On 18 April 2024, Meta released the next big thing in “open” AI models: Llama 3. It’s the latest AI model to be offered by Meta free of charge and with a relatively open (though not open-source) license that lets developers deploy it in most commercial apps and services.
Announced less than a year after Llama 2, the new model in many ways repeats its predecessor’s playbook. Llama 3’s release provides models with up to 70 billion parameters, the same as its predecessor. It was also released under a similar license which, although not fully open source, allows commercial use in most circumstances.
Look closer, however, and Llama 3’s advancements come into focus. Meta’s new model scores significantly better than its predecessor in benchmarks without an increase in model size. The secret is training data—and lots of it.
“What I found most appealing was that at 15 trillion tokens [of training data], there was no stopping. The model was not getting worse,” said Rishi Yadav, founder and CEO of Roost.ai. “Not stopping at 15 trillion is profound. It means the sky’s the limit, at least as of today.”
For AI, more data is king
Meta has yet to release a paper on the details of Llama 3 (it’s promised to do so “in the coming months”), but its announcement revealed it was trained on 15 trillion tokens of data from publicly available sources. That’s over seven times as much data as Llama 2, which was trained on 2 trillion tokens. It may even rival GPT-4: OpenAI hasn’t revealed the number of tokens used to train GPT-4, but estimates put the number at around 13 trillion.

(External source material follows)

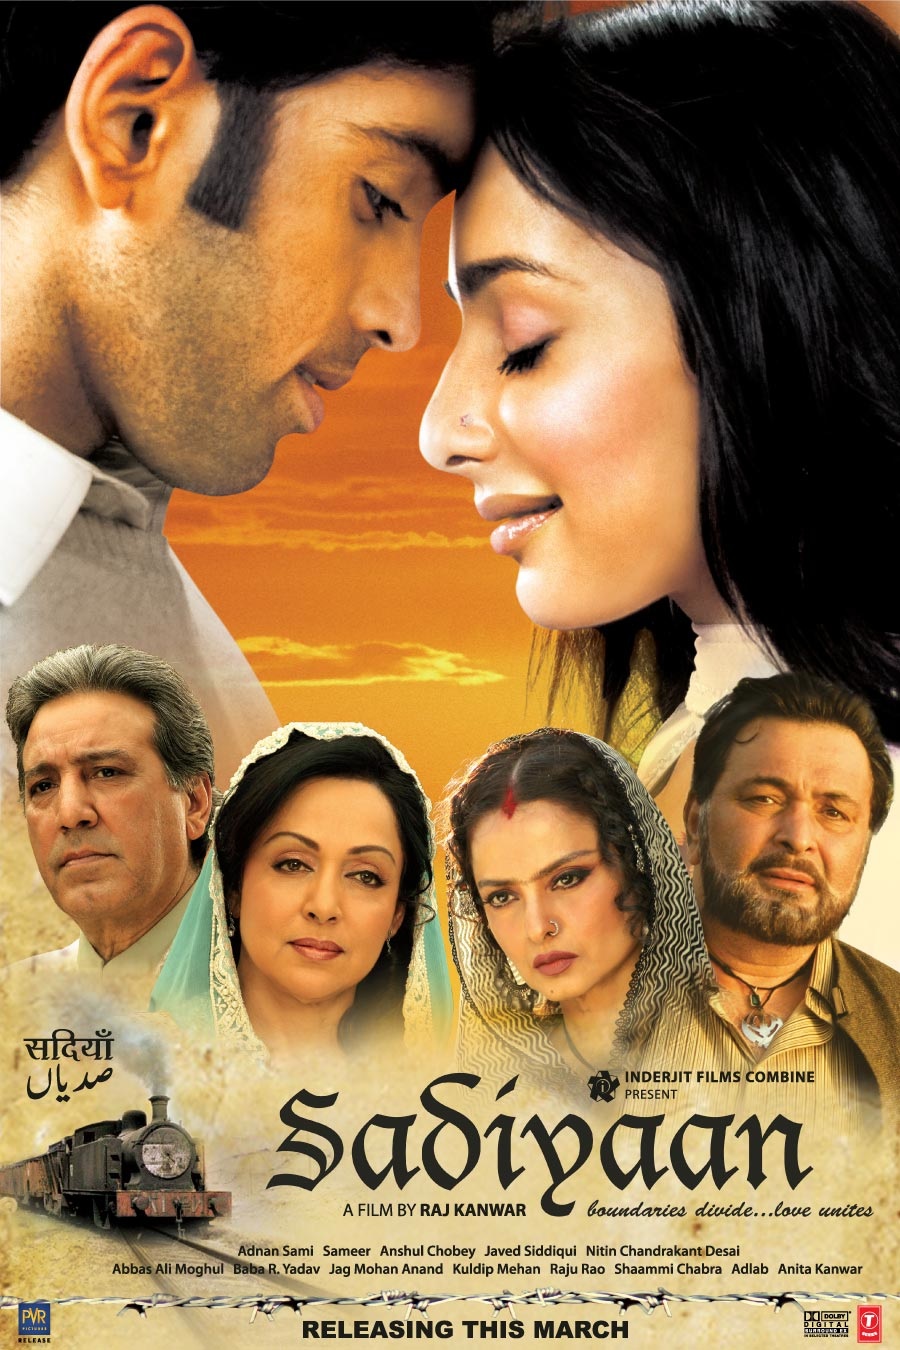 Poster of 'Sadiyaan'

Llama 3’s vast training data translates to improved performance. The pretrained 70-billion-parameter model’s score in the Massive Multitask Language Understanding (MMLU) benchmark leapt from 68.9 with Llama 2 to 79.5 with Llama 3. The smallest model showed even greater improvement, rising from 45.3 with Llama 2 7B to 66.6 with Llama 3 8B. The MMLU benchmark, first put forward by a 2020 preprint paper, measures a model’s ability to answer questions across a range of academic fields.
Llama 3 also defeats competing small and midsize models, like Google Gemini and Mistral 7B, across a variety of benchmarks, including MMLU. These results prove that, at least for the moment, there’s no limit to the volume of training data that can prove useful.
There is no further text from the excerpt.